The nub of Nicholson’s finding was that the timing of Zuma’s indictment, immediately following Mbeki’s defeat at Polokwane, was suspicious. Further, that the suspension of the then head of the NPA persuaded Nicholson “that the most plausible inference was that [of] baleful political influence”.
Reversing the decision, the court tore into Nicholson for making findings against politicians who had not been given a chance to defend themselves and for transgressing the boundaries between the judicial, executive and legislative functions of government.
Nicholson’s judicial career sank like a stone. He was pilloried as, at best, a useful idiot of forces beyond his comprehension. Or, at worst, seeking favour by pandering to the Zuma bandwagon.
Nicholson’s unfairly disparaged judgment is important.

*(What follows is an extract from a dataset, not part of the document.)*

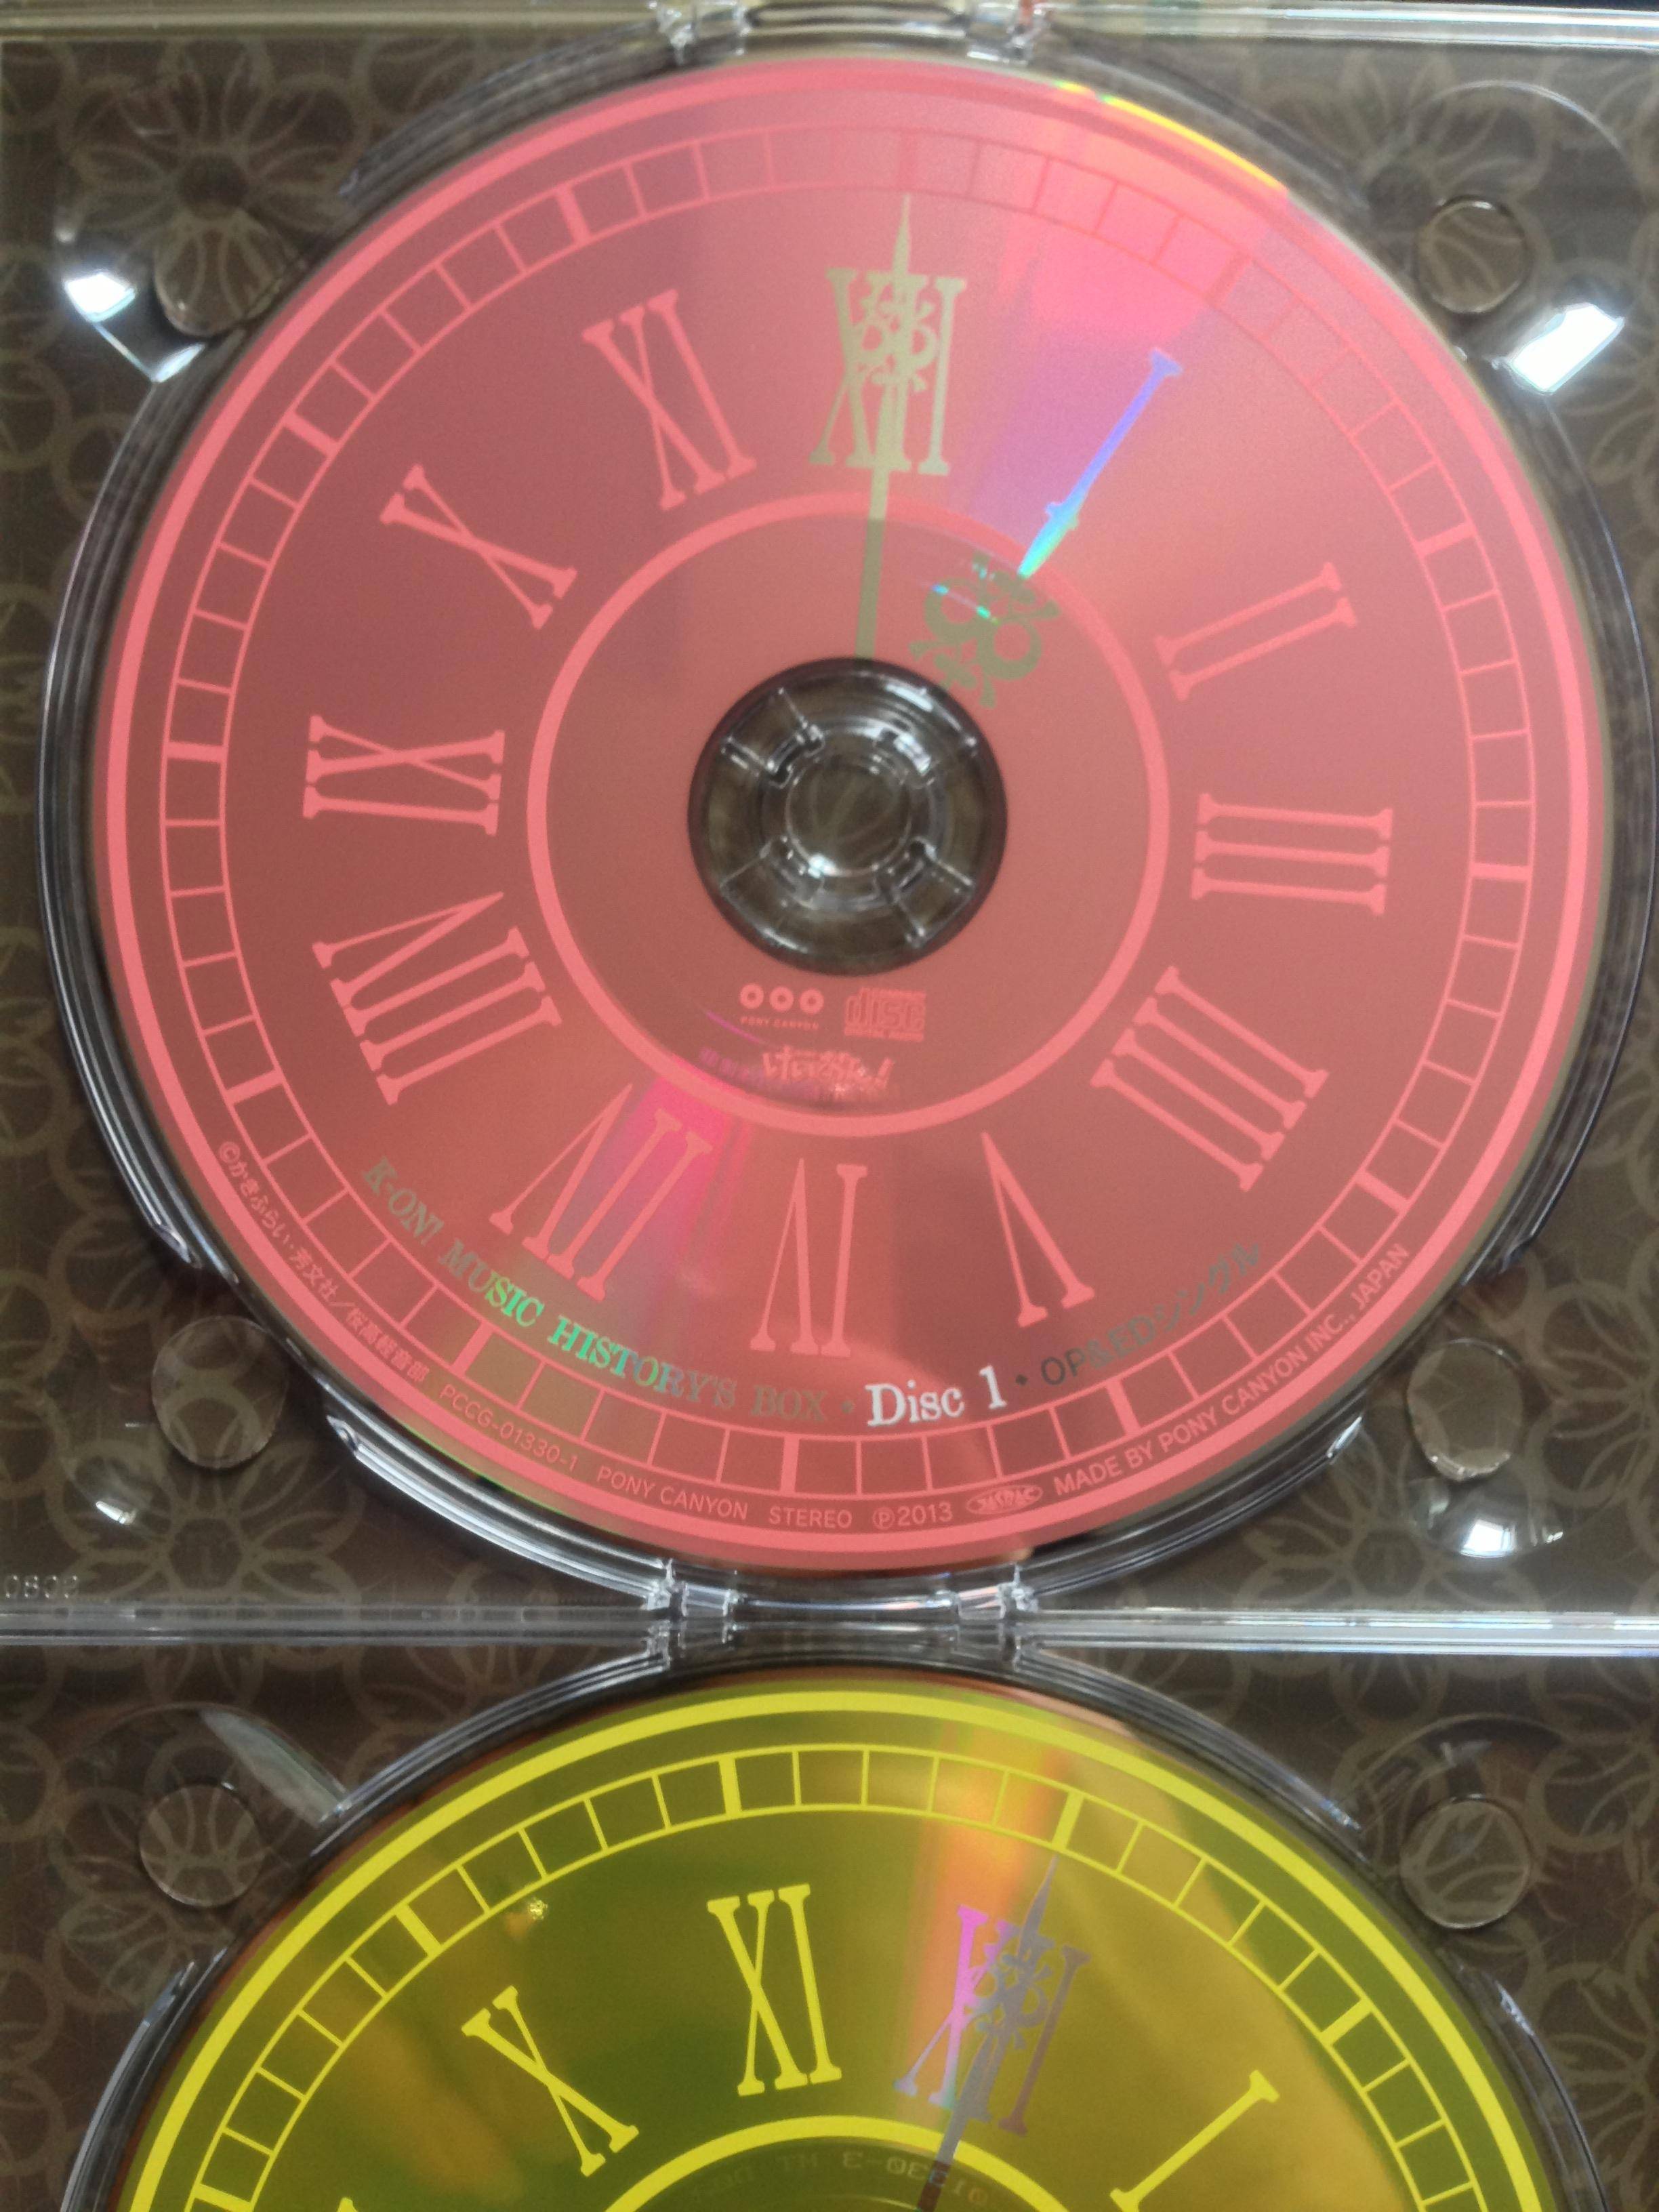 けいおん！』CD BOX『K-ON! MUSIC HISTORY'S BOX』でCDレーベルに誤植

Not for the judicial errors that were its downfall but because it identified for the first time a phenomenon that has hollowed out the rule of law in South Africa – the subversion of the prosecutorial function to serve the political masters of the day.
The “baleful political influence” of the executive over the NPA, which Nicholson referred to, was not proved to the exacting standards of the law. But does anyone seriously doubt that Mbeki – be it overtly or with a nudge-and-a-wink – influenced successive NPA heads to either prosecute or withhold prosecution, according to what best benefited him and the ANC?
Zuma’s interference in the NPA differs from Mbeki’s simply in that he has made little attempt at camouflage.
As Advocate Wim Trengrove argued in the Constitutional Court this week, Zuma used public money to get rid of the previous NPA boss, Mxolisi Nxasana, and replace him with Shaun Abrahams, to minimise the possibility of the charges against him being reinstated.
The Constitutional Court will decide whether Abrahams must vacate office, most likely, on the basis of the procedural niceties where Nicholson went awry. But it is the broader issue, that of executive interference, that is most important.
The Zupta cronies who plundered South Africa acted with brazen indifference to the law, because they were confident they had immunity, at the highest levels, from prosecution. When that protective cloak fell away, with the triumph of Cyril Ramaphosa’s faction at the ANC’s electoral conference, so too did the Zuptas.